Arthur C. Clark and Stanley Kubrick predicted supercomputers more intelligent than humans. In 2001: A Space Odyssey, the HAL states, with typical human immodesty, “The 9000 series is the most reliable computer ever made… We are all, by any practical definition of the words, foolproof and incapable of error.” Forty years later, IBM’s Watson pummeled humans in Jeopardy – a distinctly human game.
Watson is a big shot oncology fellow at MD Anderson – he is already impressing nurses and the attendings. The supercomputer presented patients in the morning rounds, parsed data within seconds, and made few mistakes. The real oncology fellow, the human I mean, flabbergasted by the efficiency of his binary colleague, relayed to the Washington Post, “Even if you work all night, it would be impossible to be able to put this much information together like that.” Watson doesn’t have to worry about duty hour restrictions.
CEO of IBM, Ginni Rometty, claims that Watson 2.0 will interpret medical imaging like a radiologist. In its third iteration, the supercomputer will “debate and reason.” Why hire radiologists who sap productivity with lunch breaks and sleep? Watson will never complain about the dearth of vegan food in the cafeteria, never get tired, and – best of all – never whine about Medicare reimbursement cuts.
But forgive me for snoring at night without fear of the Robo-Radiologist. The reasons are simple.
There are tasks which a toddler can do with no easy computational solution, like recognizing moms, dads and aunts. “Aunt Minnies” are diagnoses that can instantly be identified the same way you might recognize the face of your aunt in a crowd. These are the easiest diagnoses for a radiologist but are so difficult for a computer that computer scientists have invented heuristics – shortcuts which trade accuracy for speed. Heuristics are “good enough” algorithms, but may not be good enough for the high stakes in medicine.
Facebook’s facial recognition might pick your face from a group picture most of the time, but it also makes laughable mistakes. Before Watson replaces radiologists, it must meet a higher bar than Facebook. “Might” is not good enough.
Suppose that Watson can spot Aunt Minnies. It must communicate which is does using natural language processing. But medical lingo is anything but natural. A helpful radiology request might read, “75 yo M w/ MM, AAA s/p TEVAR c/b EL on 2/2013 p/w CP r/t back.” A less helpful one: “Unspecified,” Medical lingo has typographical errors, missing punctuations and ambiguous acronyms.
MM – is that Multiple myeloma? Mediastinal mass? Malignant mesothelioma? Metastatic melanoma? Or Mr. Mean?

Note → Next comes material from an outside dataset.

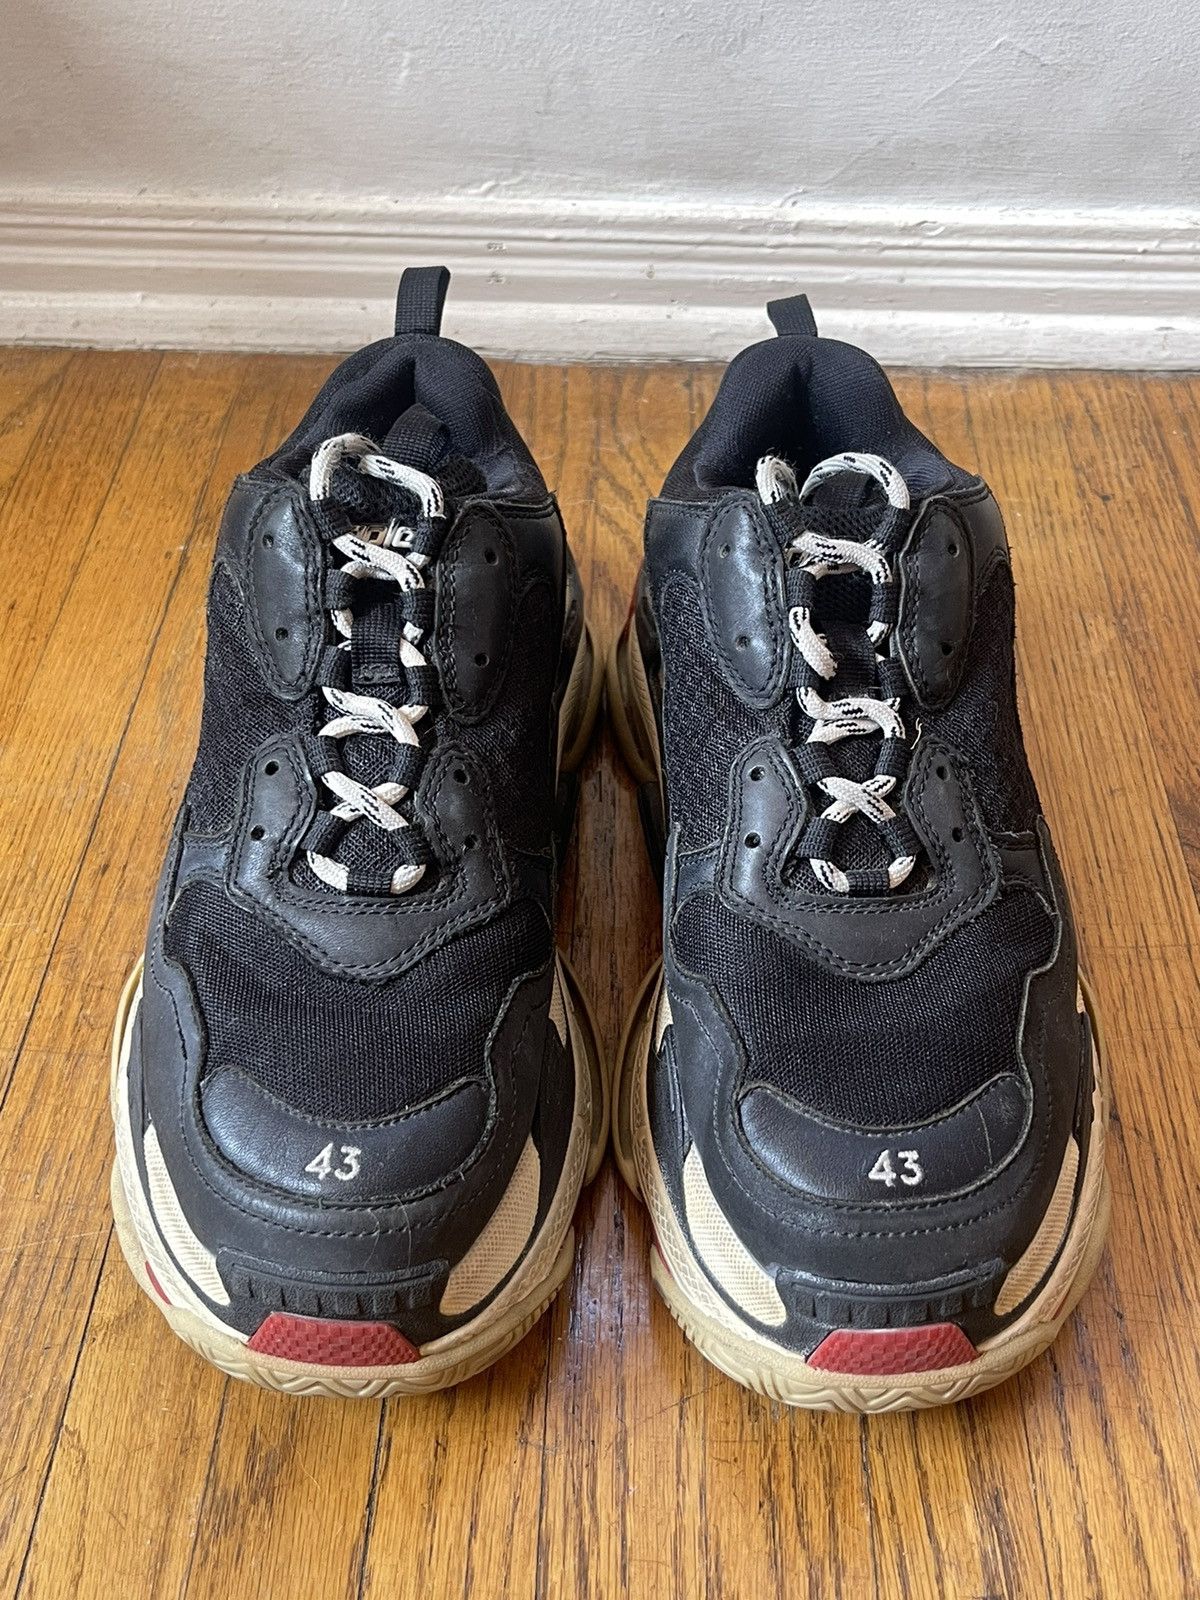 Does this still exist? DS BALENCIAGA LEGO Triple S Made in Italy

During the 2011 Jeopardy competition, a clue asked for the “anatomic oddity of US gymnast George Eyser.” Watson answered “what is ‘legs?” The correct response: “what is missing a leg?” Watson misinterpreted the question because it knew “anatomic” but not “oddity.”
Misunderstandings in medicine do not happen from bad grammar and split infinitives. Misunderstandings come from wrong context. Radiologists do not get partial credit for “pulmonary embolism” when the right diagnosis is “no pulmonary embolism.”
Watson does not need vacations, reimbursement or oxygen. It may not need to physically exist – Watson already works from the cloud. But its only way of maximizing utility is through a radiologist, not instead of one. The computer can be a decision support tool, not a doctor.
Dr. Chen is a radiology resident at the University of Pennsylvania, a programmer and an optimistic futurist.
Categories: Uncategorized
You make an excellent point. If I correctly interpret your point, humans are better than computers in some things (like contextual processing), and vice versa. In other words, there is an inherent complementary – not competitive – nature of humans and artificial intelligence. Perhaos we agree on more things than are initially apparent.
Watson makes contextual mistakes like man with leg named Bob and ambiguous terminology like MM and biweekly, but excels at Bayesian diagnostics not tainted by human cognitive biases. Human radiologists are excellent at contextual interpretation but must manage their all-too-human biases to avoid cognitive errors.
AI will have an entirely different profile of diagnostic success vs a human, all else being equal.
I spend much of my time at work doing what Watson should be doing and not enough time providing clinically relevant advice that impact care. The goal of Watson – as you elegantly stated – is freeing a physician to do value-added care, not replacing one.
In response to this article many tell me I’m mistakenly optimistic about the continued relevance of human radiologists, that replacement is the inevitable future. In the world of “crank out as many reports as possible” that may be true. The question: is faster reports the best radiology can do?
Frankly, the objections you raise here are a bit silly.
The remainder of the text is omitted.